Florida Statute defines “breach of the peace” with language from a bygone era, describing it as “acts … of a nature to corrupt the public morals, or outrage the sense of public decency, or affect the peace and quiet of persons who may witness them.”

Rep. Cord Byrd, a Jacksonville Beach Republican and 2nd Amendment purist, filed a bill Friday to amend relevant statute to remove that dated term … and to offer recourse for gun owners who had weapons seized by law enforcement and have been frustrated in recovering their property because statutory language allows law enforcement to keep weapons seized in an investigation unless a court order is issued.

House Bill 6013 excises the “breach of the peace” language in statute, reframing offenses like brawling and fighting as “disorderly conduct.”

Corruption of the public morals and outraging the sense of public decency didn’t make the cut in Byrd’s rewrite.
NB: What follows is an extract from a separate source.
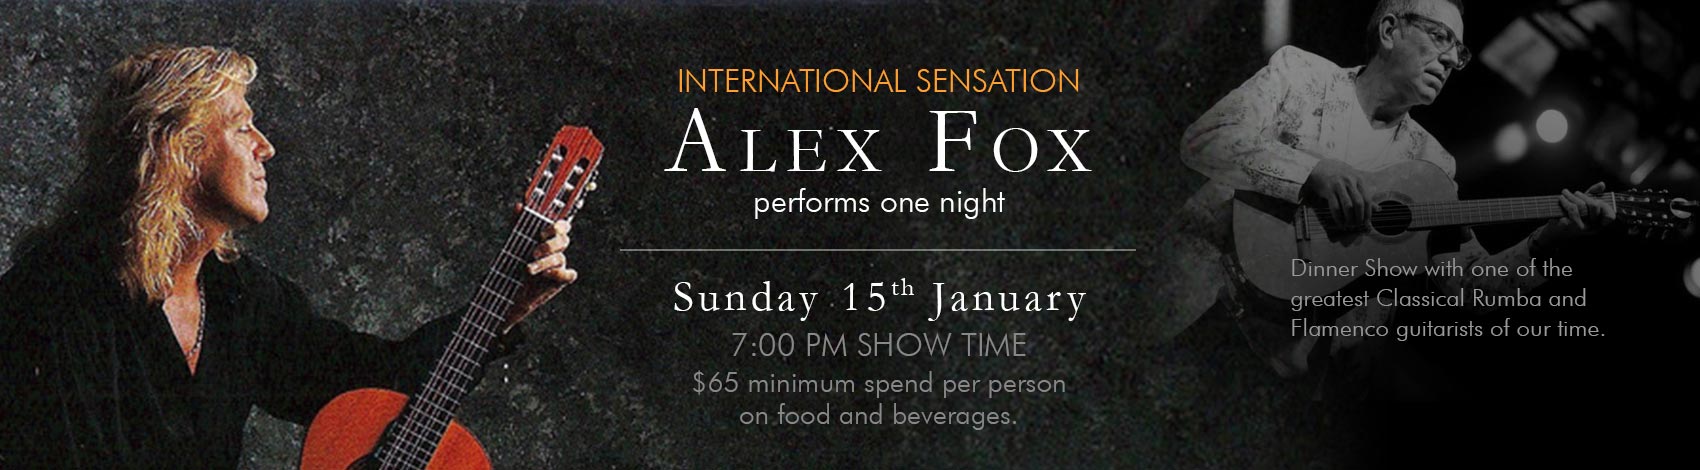 International Sensation Alex Fox performs one night Jauaray 15th 7:00 PM Show Time $65 minimum spend per person  on food and beverages.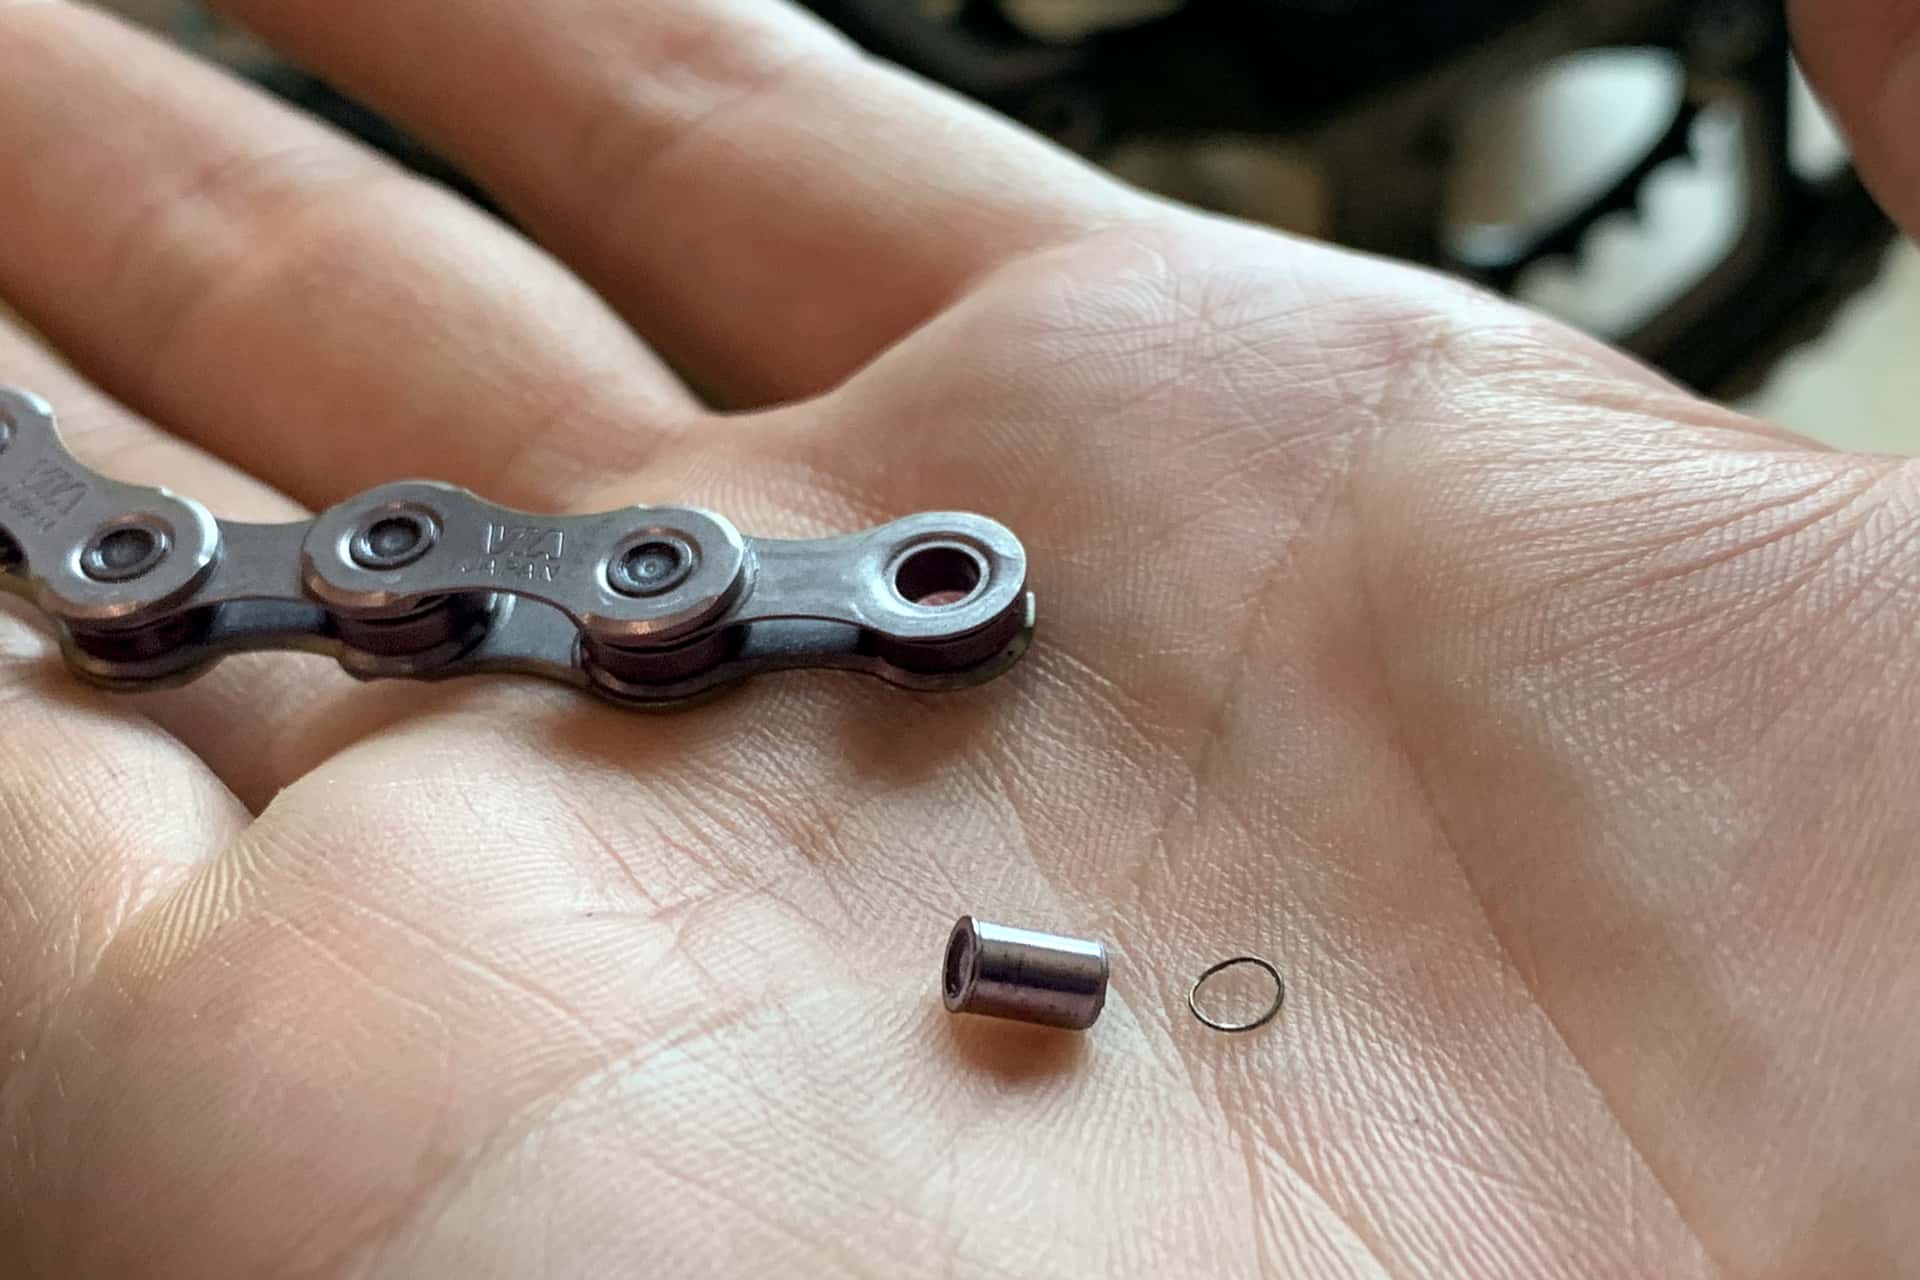 bicycle chain broken by shearing the rim off a pin

Byrd frames this “repealer bill” as an attempt to remove “duplicative laws” and “arcane provisions” from statute.

Meanwhile, the semantic revisions have a purpose.

Byrd asserted, in a Friday conversation with, that “breach of the peace is used as a mechanism to deny people their firearms.”

His bill seeks to strike a provision from statute: “No pistol or firearm taken by any officer with a search warrant or without a search warrant upon a view by the officer of a breach of the peace shall be returned except pursuant to an order of a trial court judge.”

Byrd frames this requirement for a court order to return a citizen’s firearms as a “statewide problem,” one he has litigated himself, most recently in a case involving the Palm Beach Sheriff’s Office.

Breach of the peace, Byrd says, is used as a catch all to allow law enforcement overreach against citizens.

That said, in a case where someone has been accused of a crime involving a firearm, the court order would apply.


Byrd filed a second bill on Friday also.

HB 175 tweaks provisions related to the Florida Court Educational Council, mandating that “The Florida Court Educational Council shall adopt a comprehensive plan for the operation of the Court Education Trust Fund and the expenditure of the moneys deposited in the trust fund.”

Byrd asserts that his bill “reduces wasteful government administration which will save tax dollars so that they can be used to better serve Floridians not bureaucrats.”

Among other changes, the bill caps administrative costs at 15 percent, and caps employee count at 3 full-time workers.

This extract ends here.